2) L’inéligibilité de l’unique candidature acceptée le 13 Novembre 2012

Dans sa délibération du 13 Novembre 2012, la CEI n’a pas respecté les critères d’éligibilité au Conseil d’administration de l’ACC. En effet, Selon les dispositions de l’article 17 alinéa 1 des statuts portant sur l’éligibilité, «Pour être éligible au Conseil d’administration, un candidat doit remplir les conditions suivantes : 2- être membre actif de l’ACC et, pour la présidence, l’ayant été durant les deux dernières années.»

Qu’est-ce qu’un membre actif? La réponse nous est fournie par l’alinéa 2 de l’art 7 des statuts qui énonce : «Est membre actif tout membre de droit, toute personne qui adhère à la mission et aux objectifs de l’ACC, qui s’acquitte de ses droits d’inscription et participe à la vie de l’association. Seuls les membres actifs sont éligibles et ont le droit de vote». Le titre 3 du règlement intérieur précise finalement que «pour rester actif, un membre doit renouveler sa carte dès le 1er Janvier de l’année en cours ».

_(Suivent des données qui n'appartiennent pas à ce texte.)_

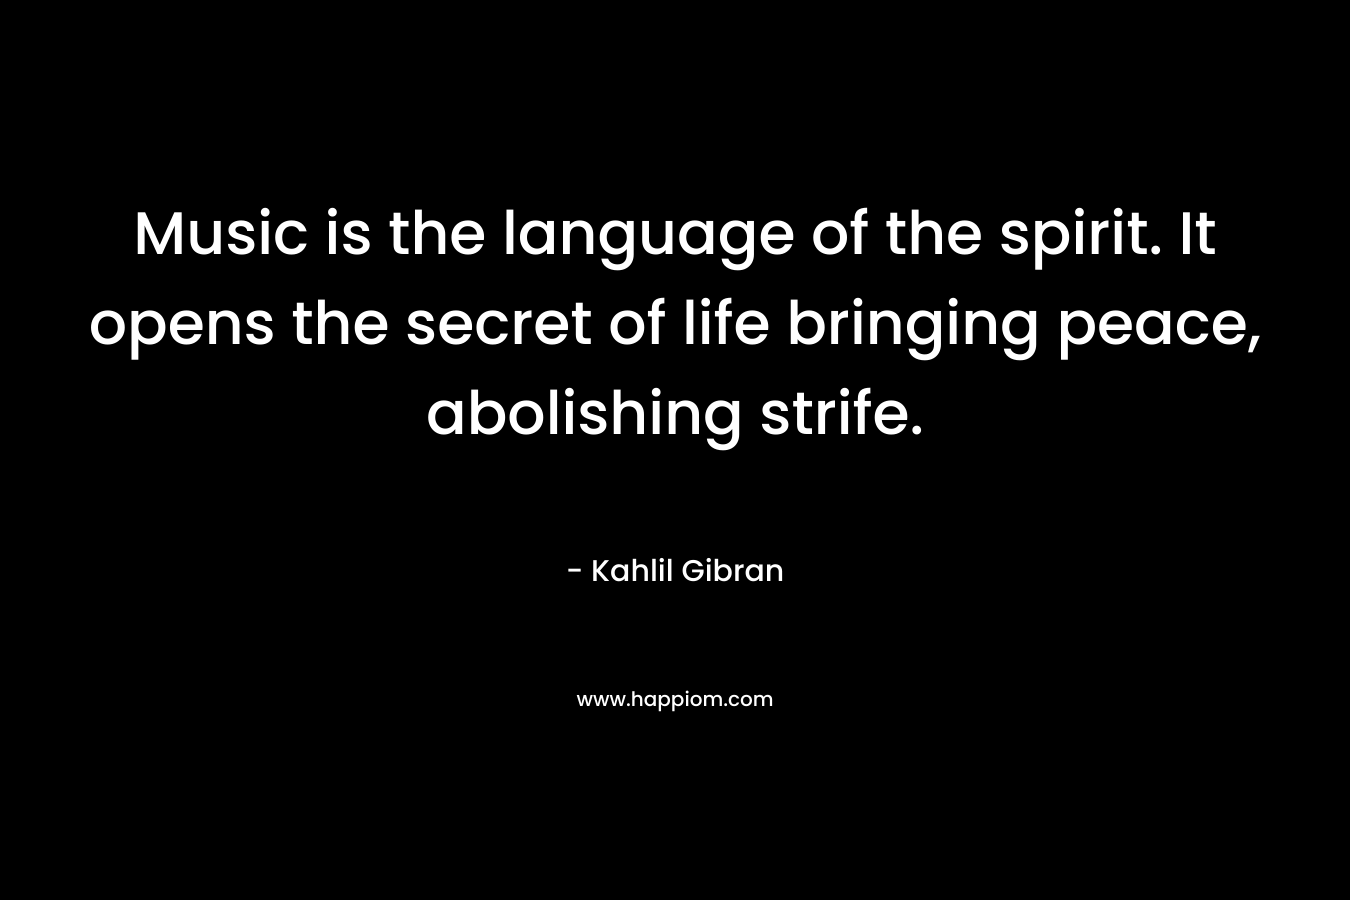 Music is the language of the spirit. It opens the secret of life bringing peace, abolishing strife. – Kahlil Gibran

La CEI étant devenue le nouveau guichet unique, c’est auprès d’elle que la candidature de liste récemment approuvée a souscrit son adhésion il y a une dizaine de jours, incluant la tête de liste.
Comment comprendre alors qu’une personne candidate à la présidence de l’ACC soit éligible après s’être acquitté de ses droits d’adhésion à quelques jours des élections, alors même que les statuts exigent clairement que le statut de membre actif soit acquis durant les deux dernières années. La qualité de membre peut-elle être attribuée de manière rétroactive? Si la CEI concède à cette candidature la qualité de membre pour toute l’année 2012, même si le paiement n’a eu lieu qu’en novembre, qu’en est-il de 2011?

Comment la CEI a-t-elle pu omettre de vérifier le tout premier critère d’éligibilité en ce qui concerne une candidate, et a tout de même cru devoir exiger un certificat de bonne moralité à un autre candidat, et ce dans une dimension qui ne relevait aucunement de son mandat? Comment en est-on arrivé là ?

Voilà des questions qui montrent à suffire les contradictions dans lesquelles nous sommes désormais rompus. Il ne s’agit pas de remettre en question la qualité des membres de la CEI qui sont des "cadres" de la communauté, mais de questionner un système tortueux qui s’installe petit à petit dans une communauté vivant pourtant dans un vaste océan de démocratie : la démocratie canadienne. Il s’agit d’interroger la constitution de cette commission électorale et son aptitude à la neutralité.

Que toutes ces manipulations aient conduit à la désignation d’une seule canditate à la présidence de l’ACC, et qu’on en conlue que cette désignation consacre de fait sa victoire et sonne en même temps le glas de la démocratie dans la communauté camerounaise du Canada, montre que la diaspora camerounaise est désormais à la croisée des chemins. L’élimination de toutes les candidatures et le profilage d’une seule est la preuve de la non neutralité de la CEI.
Alors qu’au Cameroun les acteurs sociaux et politiques luttent inlassablement pour changer les institutions antidémocratiques, la diaspora devra accompagner ces efforts en montrant le bel exemple. Elle devrait pouvoir rappeler en tout temps que la mise entre parenthèses des textes statutaires régissant le fonctionnement d’une communauté et d’un peuple n’est pas seulement une atteinte à sa liberté. C’est un crime contre sa conscience, un poignard dans le dos des fondements mêmes de son existence.